C’est ce Stabat Mater qui a été choisi pour la première soirée de l’édition 2022 du Festival de Saint-Denis. Dans les volumes de la basilique cathédrale, l’univers musical tient davantage des remous maritimes que des jeux de masques, mais se grave une facette bien plus introspective et combattive (et tout aussi saisissante) que dans la version que nous avions entendue à la Philharmonie de Paris en 2019. Les pupitres de l’Orchestre Philharmonique de Radio France sont avant tout des molécules stables faites d’atomes crochus. Les départs et arrivées de cordes s’opèrent dans l’homogénéité la plus complète, les pizz surgissent de la pierre, les basses montent dans l’air, alors que les vents sont les vecteurs de changements de phases. Myung-Whun Chung retrouve la formation dont il a été Directeur musical de 2000 à 2015. Si le tempo garde l’évidence droite d’un gouvernail, le référentiel de musicalité est celui d’une superposition de courants gigognes, comme l’écosystème d’une étendue d’eau versatile. L’inflexion de la texture et de la chaleur se retrouve dans les dix parties de la pièce, célébrant les flux aqueux à la manière d’un livre d’images romantiques sur un radeau persévérant. Le chef définit le cadre par la mesure, et y intègre le contenu d’une boule à neige tour à tour facétieuse et sérieuse. L’Ave Verum de Mozart qui ouvre le concert utilise le même procédé de surface et d’immersion, par des ondes qui naissent et meurent dans la claire pénombre.

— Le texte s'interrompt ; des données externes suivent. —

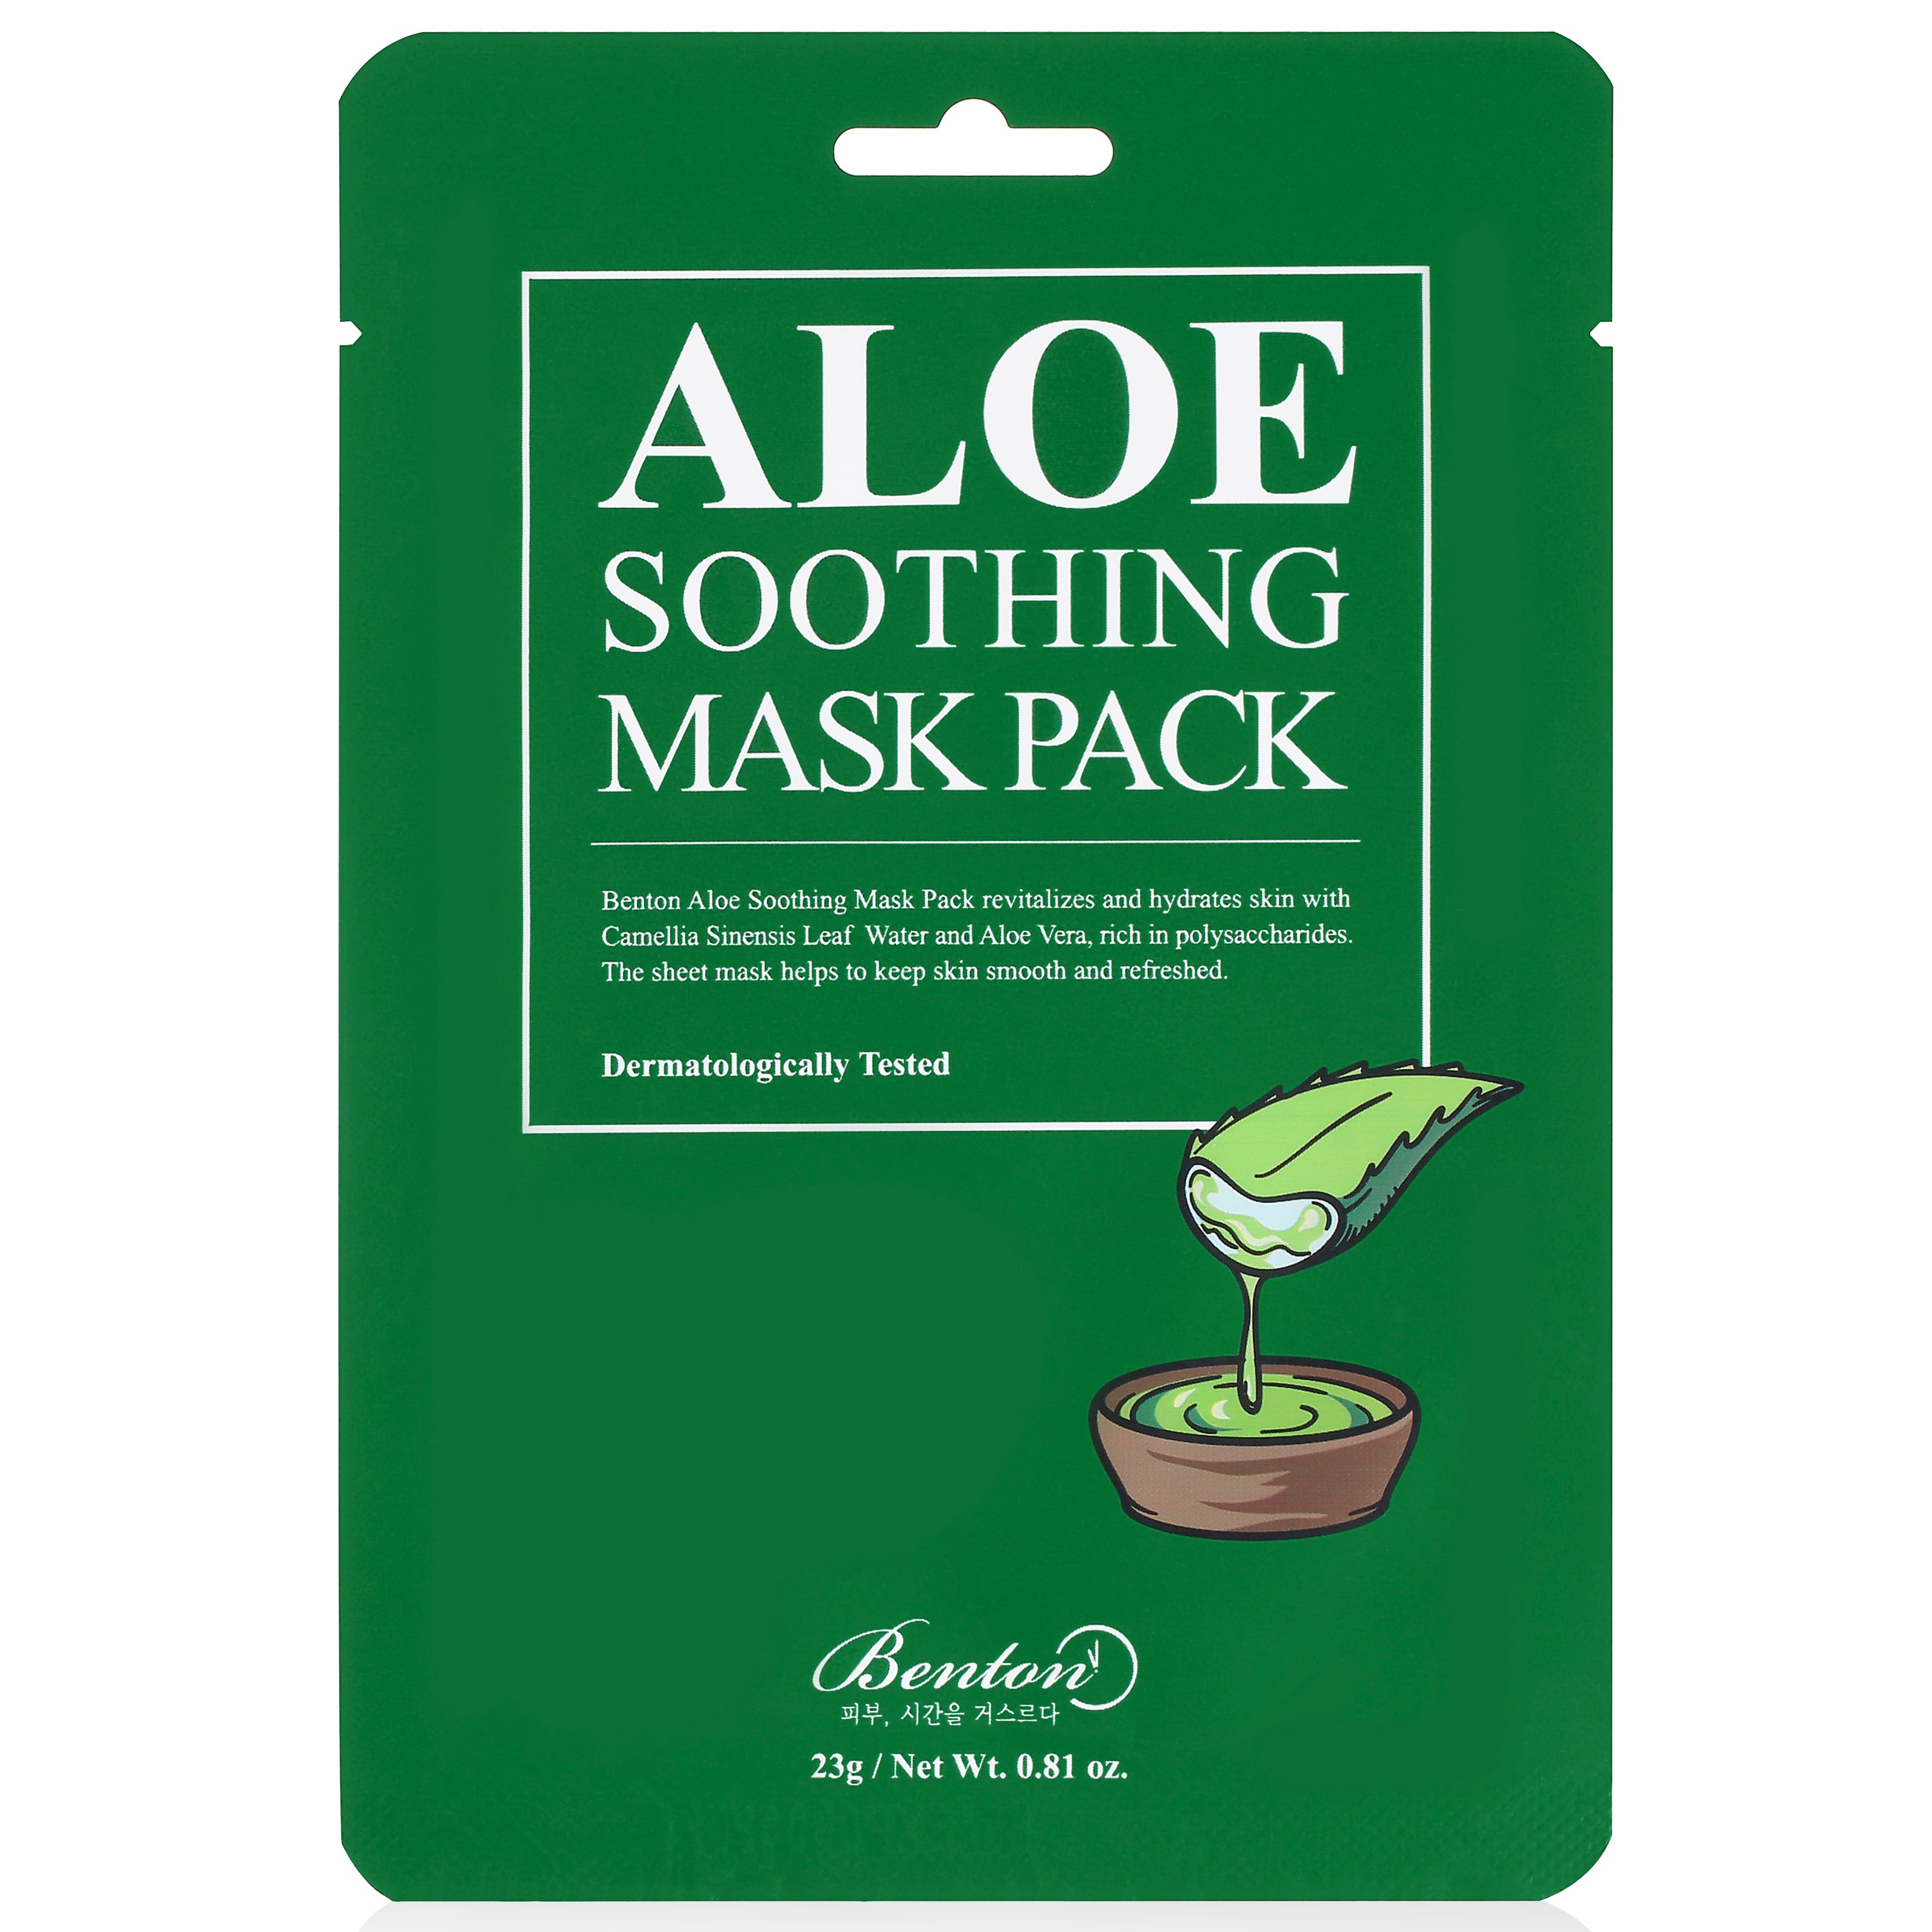 Benton Aloe Soothing mask pack
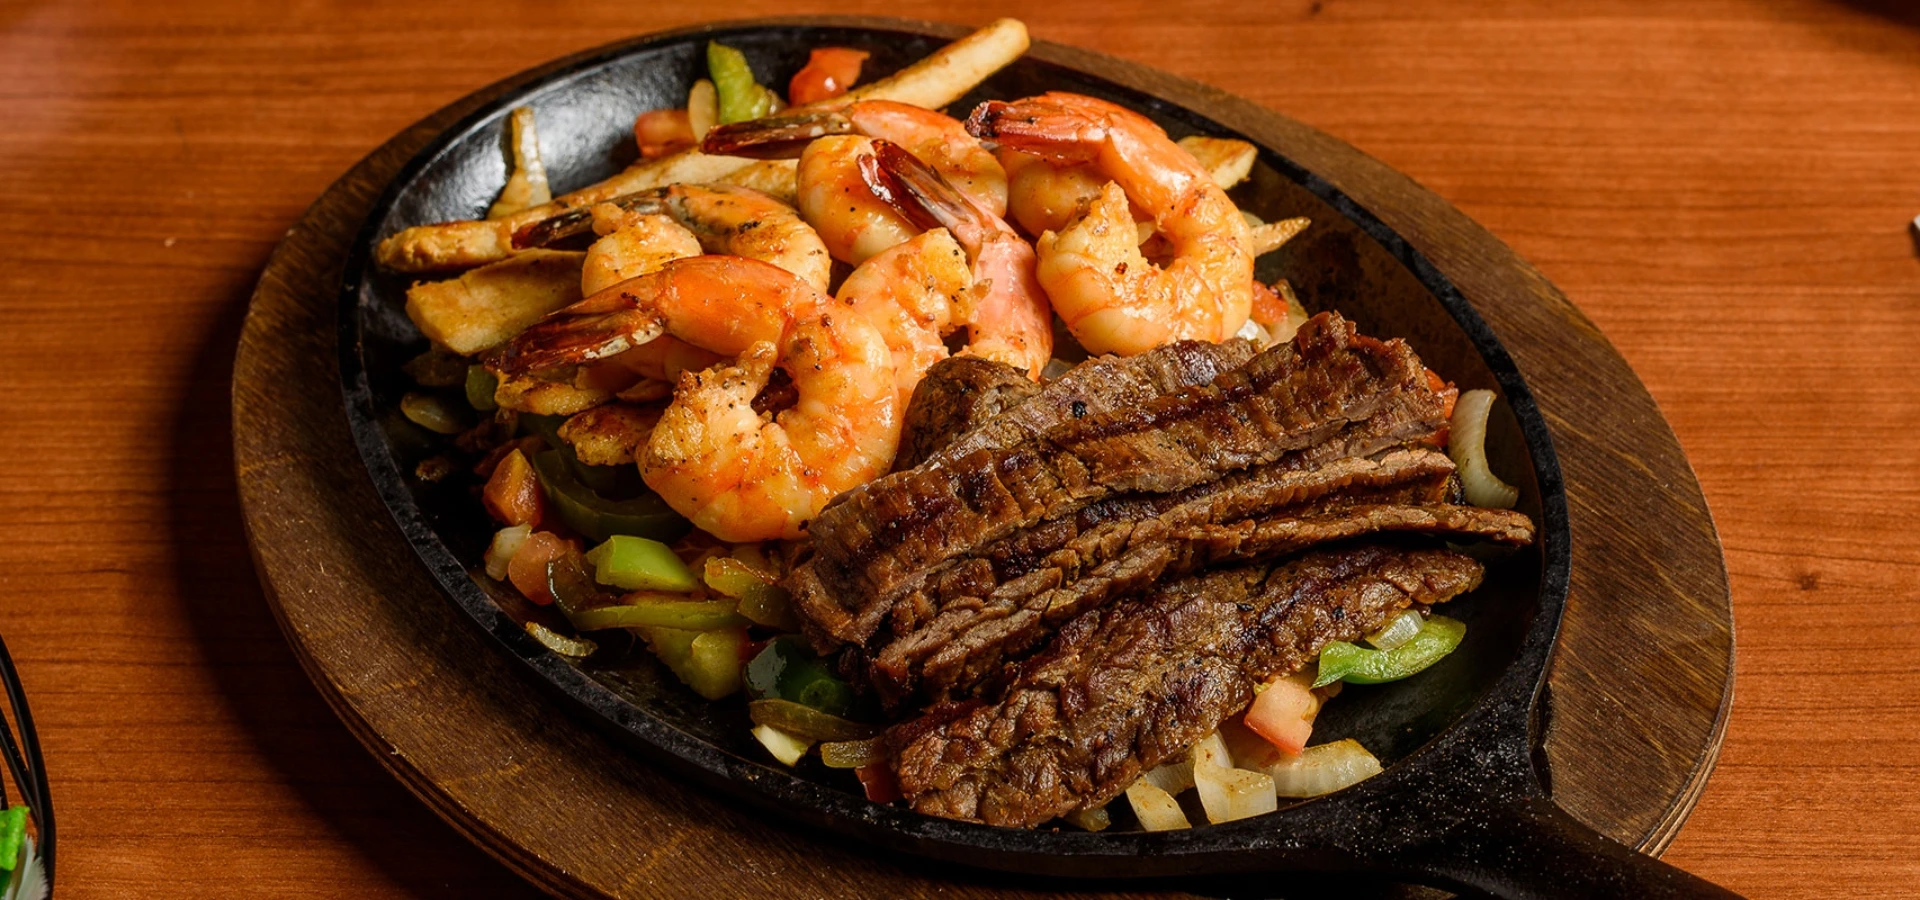 shrimp and steak fajitas

Le Chœur de Radio France, préparé avec passion par Lionel Sow, parvient à se démultiplier en bulles de savon enveloppantes autour de l’orchestre. Le son s’accroît dans l’affirmation d’un fil ténu, les nuances s’estompent dans l’extinction progressive d’une étincelle volubile. Le Quando corpus morietur met en musique une agglomération des mots, dans laquelle chaque nouvelle voix prend le dessus sur la précédente. Les ampoules de chant varient leur intensité lumineuse à basse consommation dans un fascinant reflet de tain en perpétuelle évolution.
Des quatre solistes, le ténor Xabier Anduaga est sans aucun doute le plus hardi. L’émission maîtrisée garde sa splendeur jusqu’au contre-ré bémol du Cujus Animam, et le maintien d’une pâte constante impressionne. Chez la mezzo Chiara Amarù, la magnifique introversion des vocalises ravit l’oreille. La ligne adhère aux notes et s’enrichit d’émotion par ces checkpoints à la saveur tonka. Les atouts de le soprano Selene Zanetti sont dans l’approche sanguine de l’instant présent et dans l’esprit de liberté porté par la phrase, ce qui ne lui facilite toutefois pas la tâche de prendre en main jusqu’au bout ses intentions dans l’Inflammatus et accensus. La puissante basse Gianluca Buratto dispose d’un sens aigu de la déclamation, et met particulièrement bien en valeur son registre grave. En revanche, les aigus serrés et la gaillardise trop systématique ne lui permettent pas de se fondre à l’océan de l’accompagnement.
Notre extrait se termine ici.